The chip has current sinks on logic inputs so pull-down resistors are redundant, they
read LOW if disconnected.
Although the datasheet claims good to 25kHz PWM, its clear it'll perform very poorly at that
speed due to the large switching times of the output stages. I'd limit to 4kHz.
MarkT:
The chip has current sinks on logic inputs so pull-down resistors are redundant, they
read LOW if disconnected.
Mark it correct. When I read the datasheet, I assumed the low-level input current of 25uA typical was current that the device driving it had to sink; but on closer reading, I see that the measurement is taken at 0.4V input and the pin itself is sinking current.
dc42:
MarkT:
The chip has current sinks on logic inputs so pull-down resistors are redundant, they
read LOW if disconnected.Mark it correct. When I read the datasheet, I assumed the low-level input current of 25uA typical was current that the device driving it had to sink; but on closer reading, I see that the measurement is taken at 0.4V input and the pin itself is sinking current.

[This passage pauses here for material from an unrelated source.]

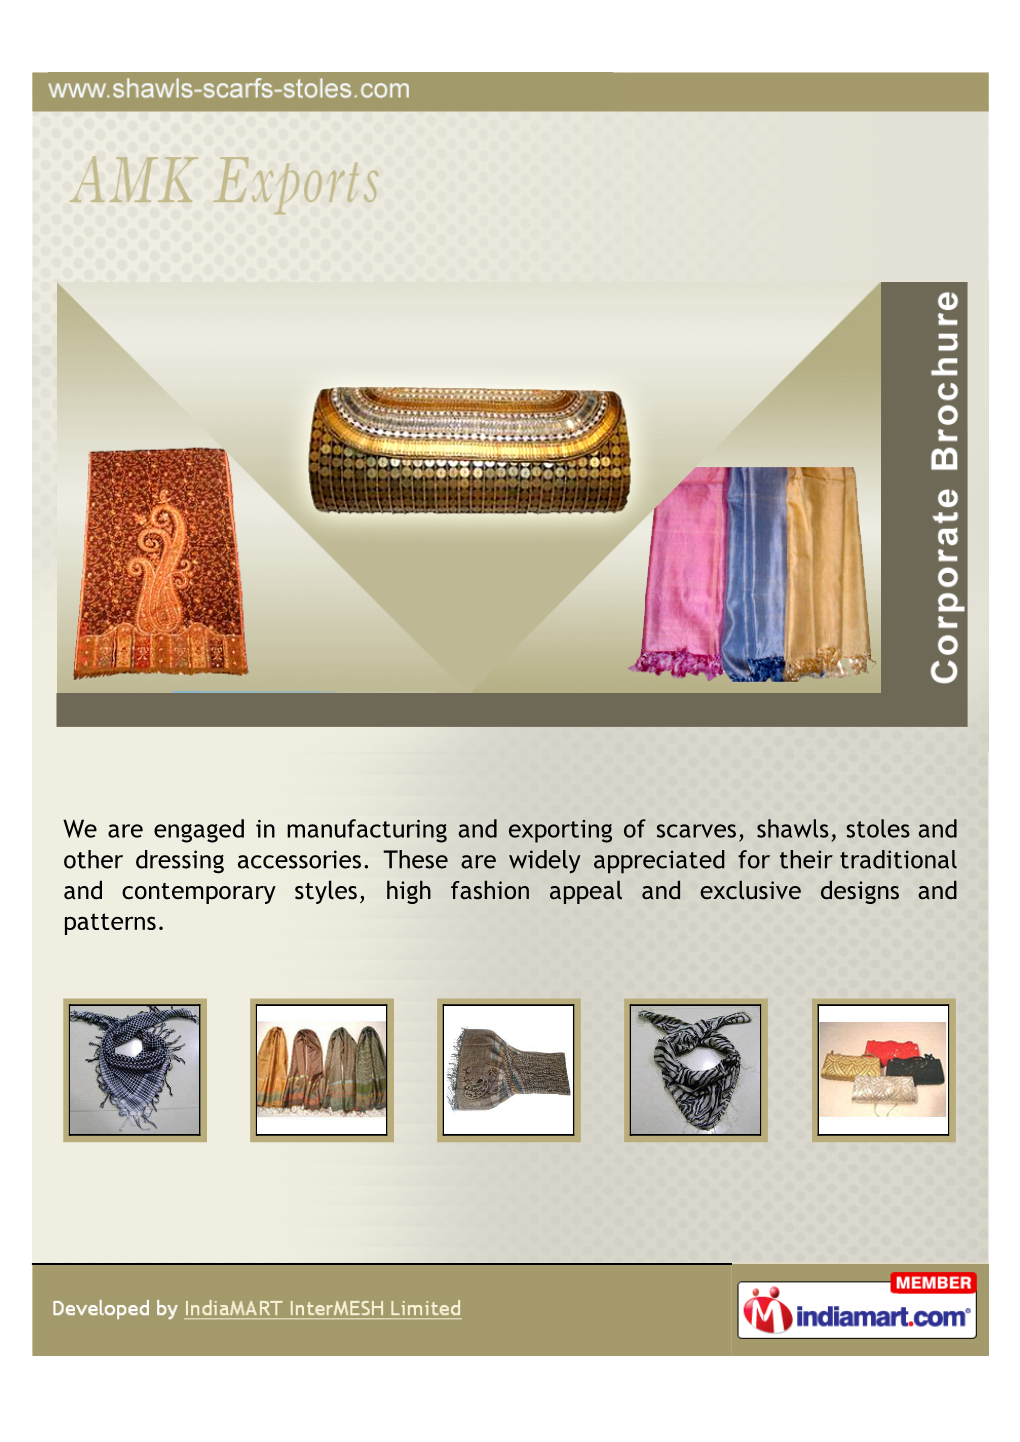 We Are Engaged in Manufacturing and Exporting of Scarves, Shawls, Stoles and Other Dressing Accessories

That and the schematic of the device showing current sinks on IN and INH 
Having said that, pulldowns can't hurt (and if a very noisy environment might help). When laying out
the driver keep the high current paths away from the logic circuitry as much as possible to reduce
interference.
I'm glad I did it right! I will start working on the PCB. Thanks for all the help. I will try and keep the traces for the motor away from the other traces.
I haven't time to check the wiring of your PCB, however I have the following comments:
You should make the whole of the bottom layer a ground plane, except for short traces that you need to cross under traces on the top layer.
Connect the tab of the ICs to the output terminal as well as to pin 4.
I suggest using one, high current, 4-pin connector (or 2 x 2-pin connectors) for the motor power supply and outputs, and a separate low-current connector for the signal wires. Both terminals should have a ground connection. For the 4-pin connector, you might want to use screw terminals so that you can easily connect thick wires. Put the signal connector at the opposite end of the board from the power/motor connector(s).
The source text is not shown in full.